10.20.2013

Thoughts on Configuration

Recently, I was reviewing the ecosystem of configuration management tools, since
I've worked heavily in salt and chef. I am very impressed by the efforts of
everyone to improve how we handle configuration. It is getting a lot of
mind-share and seems to be one of the difficult problems to solve
today. However, I wonder if fine grained configuration is the right way to build
and deploy large applications. This motivated me to share some ideas I've had on
how we approach large projects and why we need configuration.

The use of a large projects is common because the reuse of code for complex
domains is vital to the progress of software engineering. I believe any
particular project grows to be large is due to two concepts; 1. simple projects
become complex when the solution space of a tool expands beyond its original
domain, 2. tools require configuration when they need to manage conflicting
domains. Projects that solve problems they weren't originally designed will
conflict with the design of the application. While that might be useful to the
current user base it creates flaws in the project's architecture.
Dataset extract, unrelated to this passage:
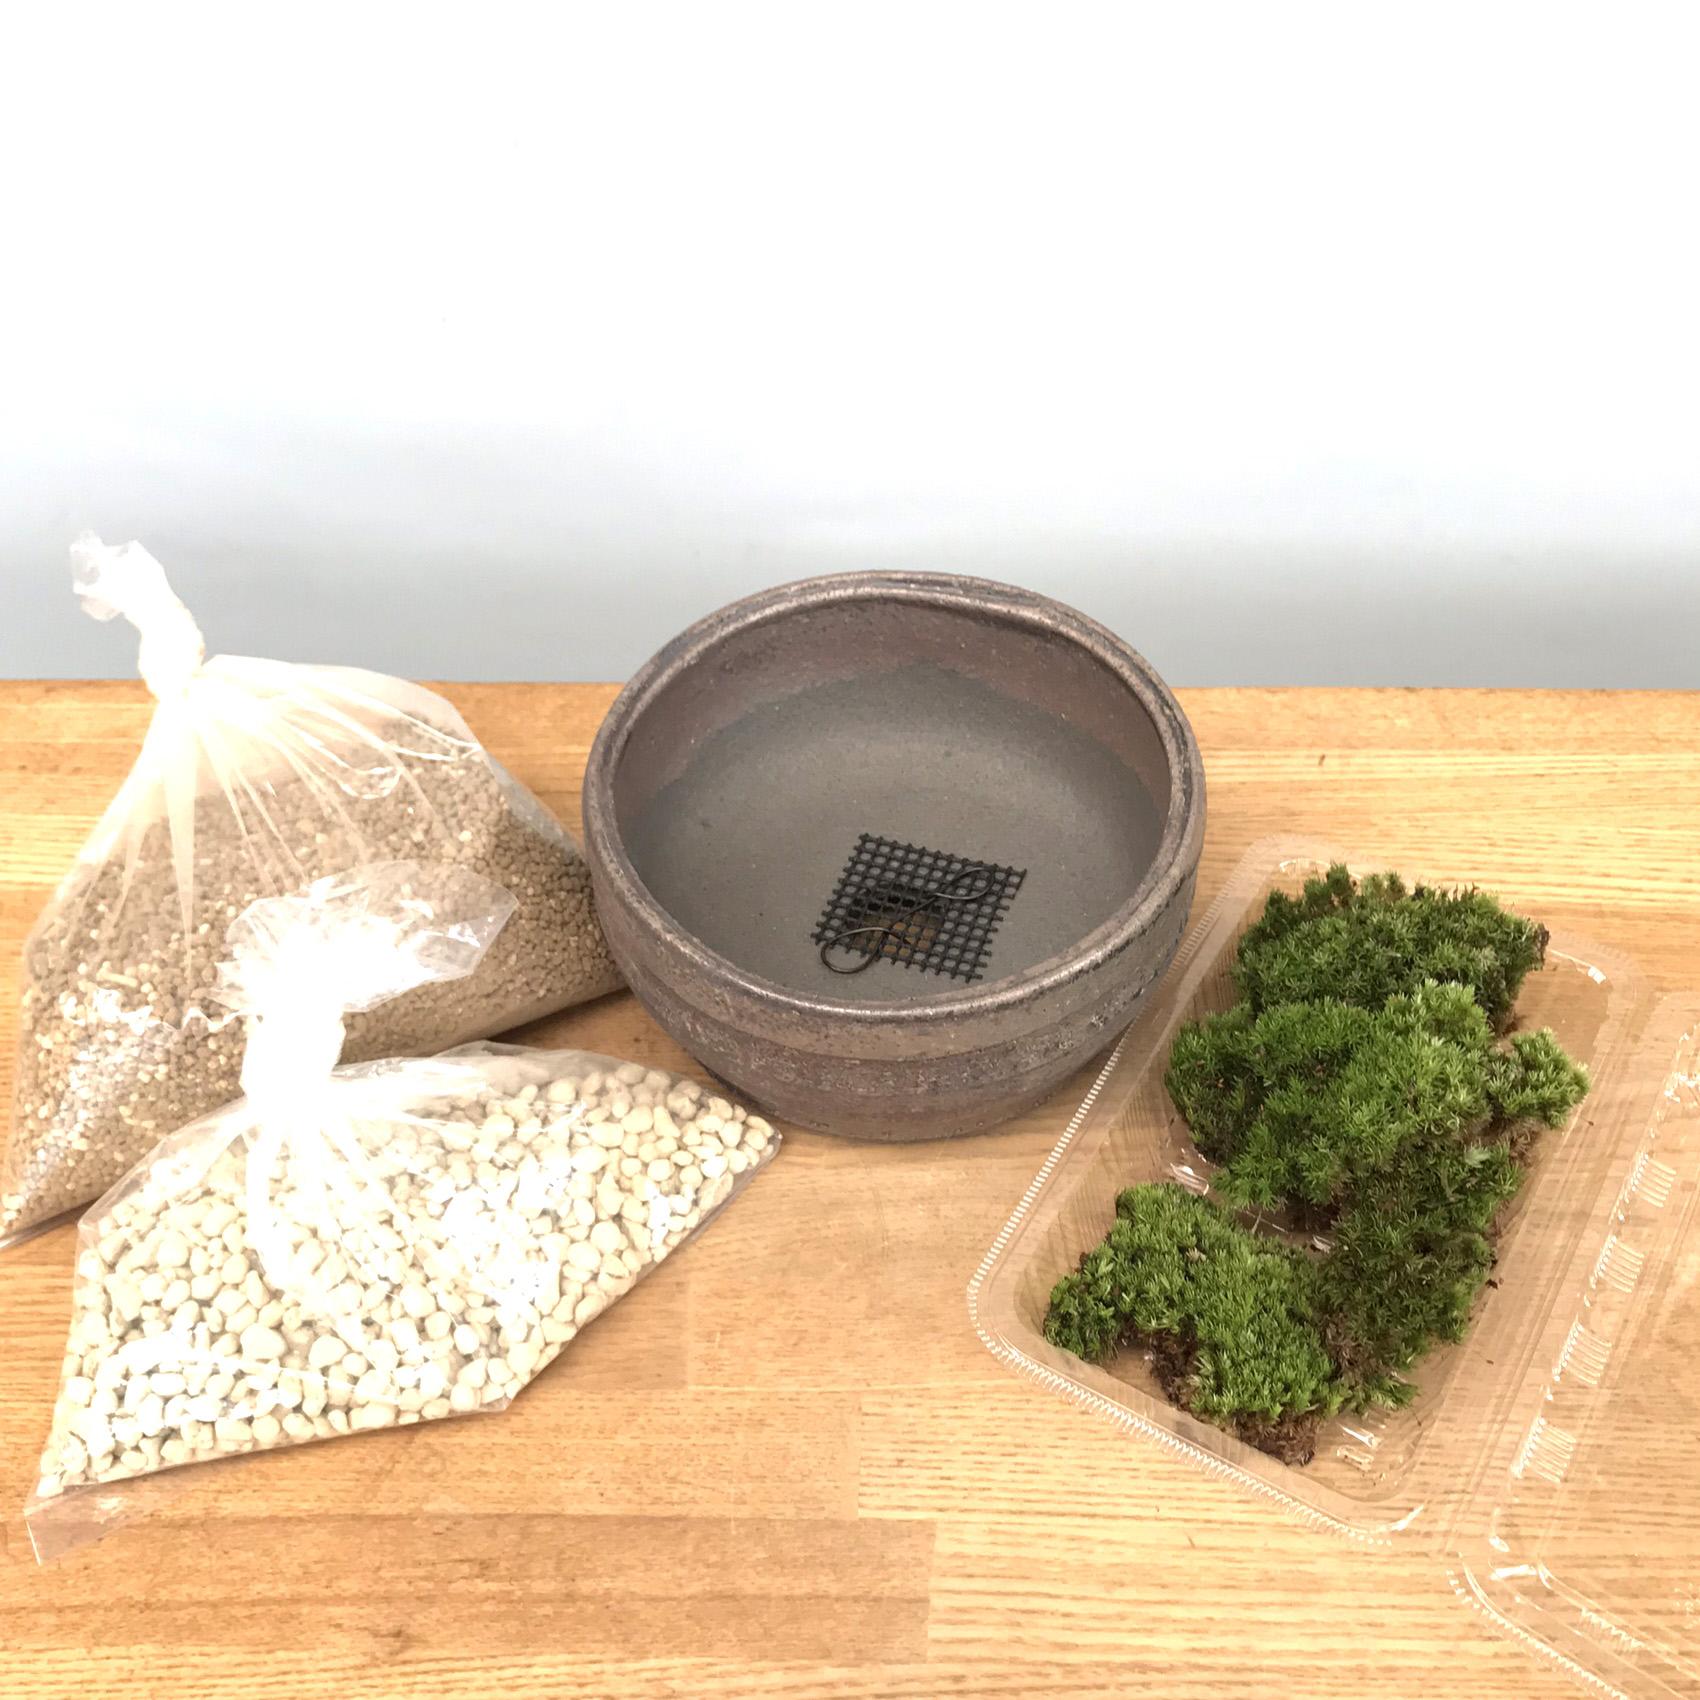 盆栽キット信楽焼灰鉢15

Imagine a house which has been architected for 1 story and then adding another
story to it. This creates some structural issues for the house; the foundation
and exterior walls were never designed for that much weight. Over time that
house might have issues. A safe thing to do is to sure up the foundation and
strengthen the walls. What if you never consulted an architect and added another
story anyway; this is the state of many software projects.
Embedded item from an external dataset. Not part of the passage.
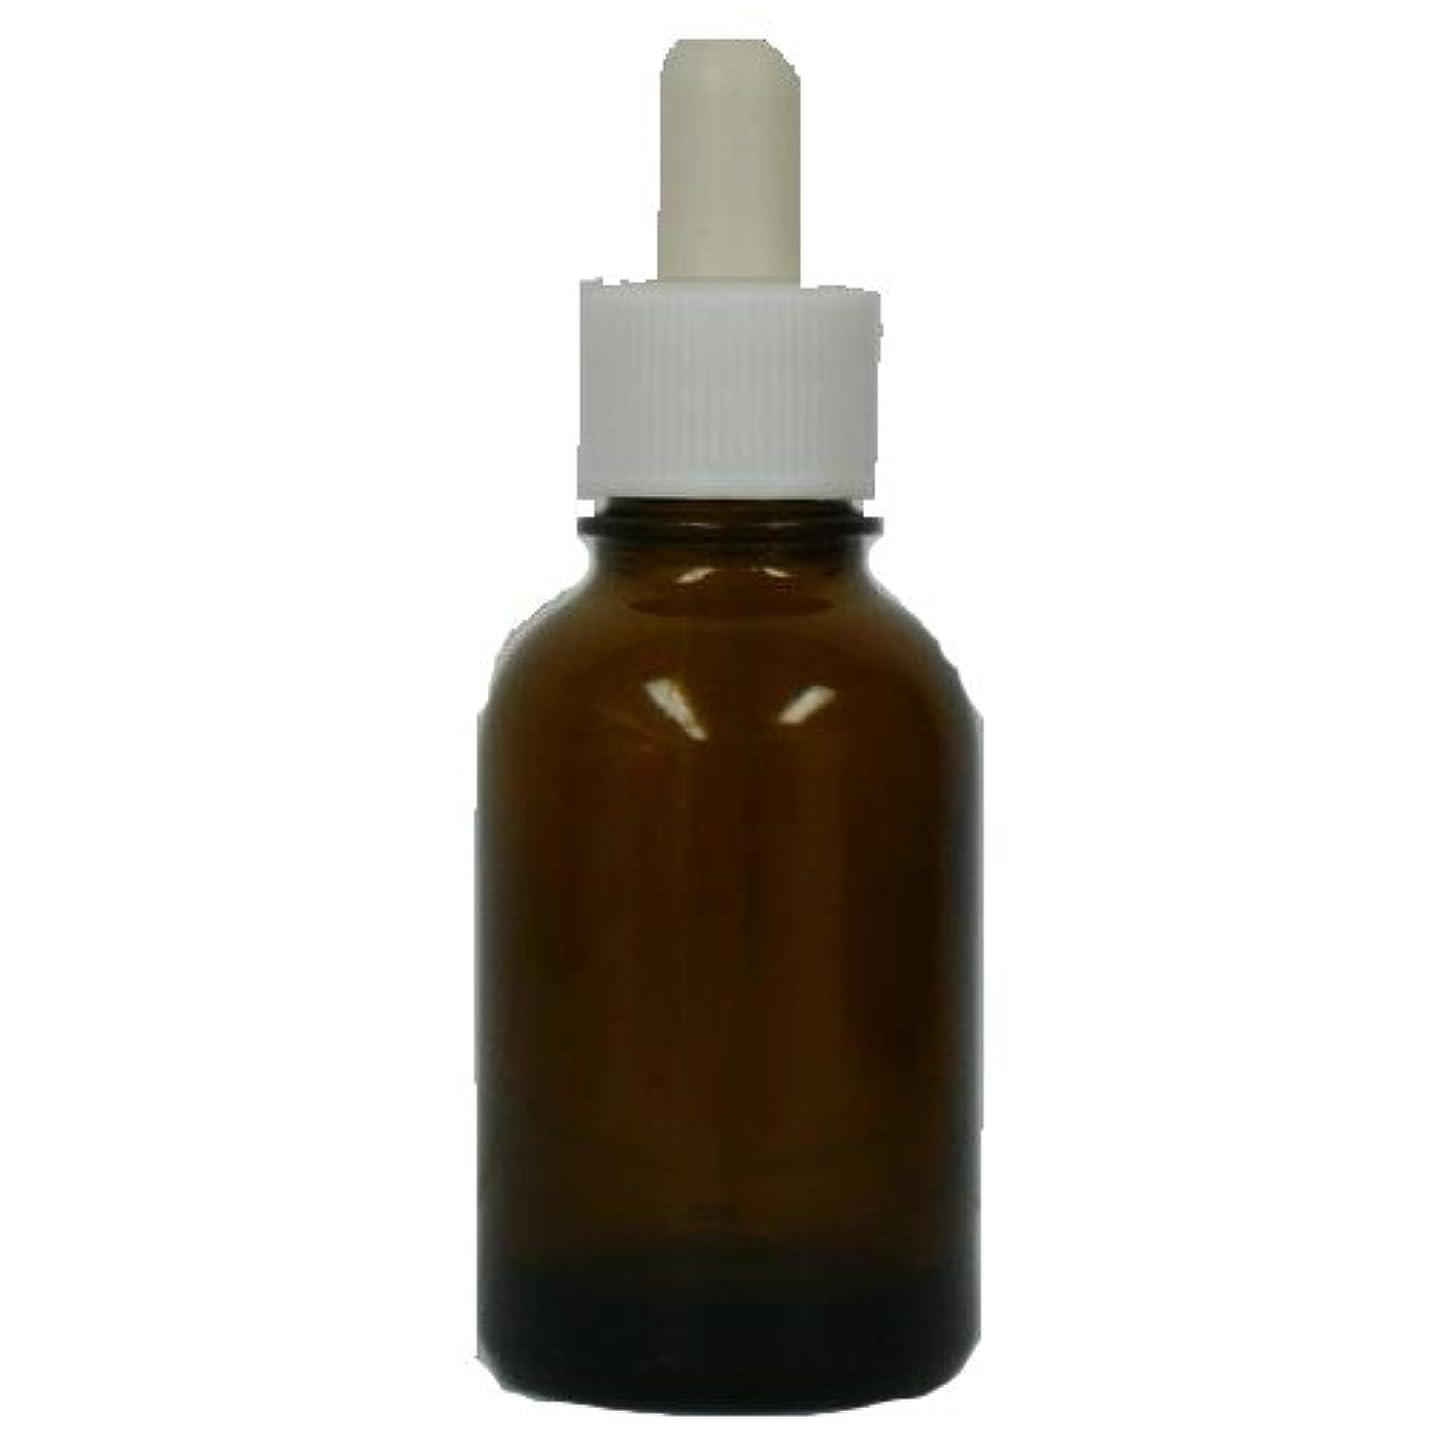 ミキシングボトル ブラウン 30ml

Lets rewind a bit and talk about blueprints, which many software projects do not
have. In the face of changing requirements, a good architect would hopefully go
back and consult blueprints. A good architect is bound by the cost and time of
construction. [For some reason, we often don't consider the realities of
software costs, but that is for another post.] The plans will be adjusted
significantly before construction starts, but once it is underway very little
adjustment can happen. Certainly, any features added will be added at great
cost. The architect usually does not have a house which can be reconfigured to
fit the whims of a vast array once the house is constructed because a house is a
small project.

Software does not share the same costs associated with physical
construction. Most developers, myself absolutely included, will write software
before the problem is well defined. We will write software just to define a
problem. If not for the incredibly low cost of experimentation, this would be
similar to building a house to see if you thought it would be livable. We have
no other way to experiment with the objects that we create so we write code and
use it. Not using the code you write means you are not writing the right
code. One industry term for this is a 'spike' and it is similar to a first draft
of some house blueprints.

Yet there's a hidden danger in these small projects; spikes are often not thrown
away. Instead, you decide to keep it and cultivate it. Now you're starting to
add on that extra story or two or three. I like to imagine this is like an
architect taking a bungalow and making it a five bedroom mansion. There's little
thought given to projects the size of a house, but we will use them anyway
because they seem useful. Even less obvious is how much complexity gets added to
these small projects. Rather than only adding on a few bedrooms or an extra
floor, we are able to grow these projects into skyscrapers.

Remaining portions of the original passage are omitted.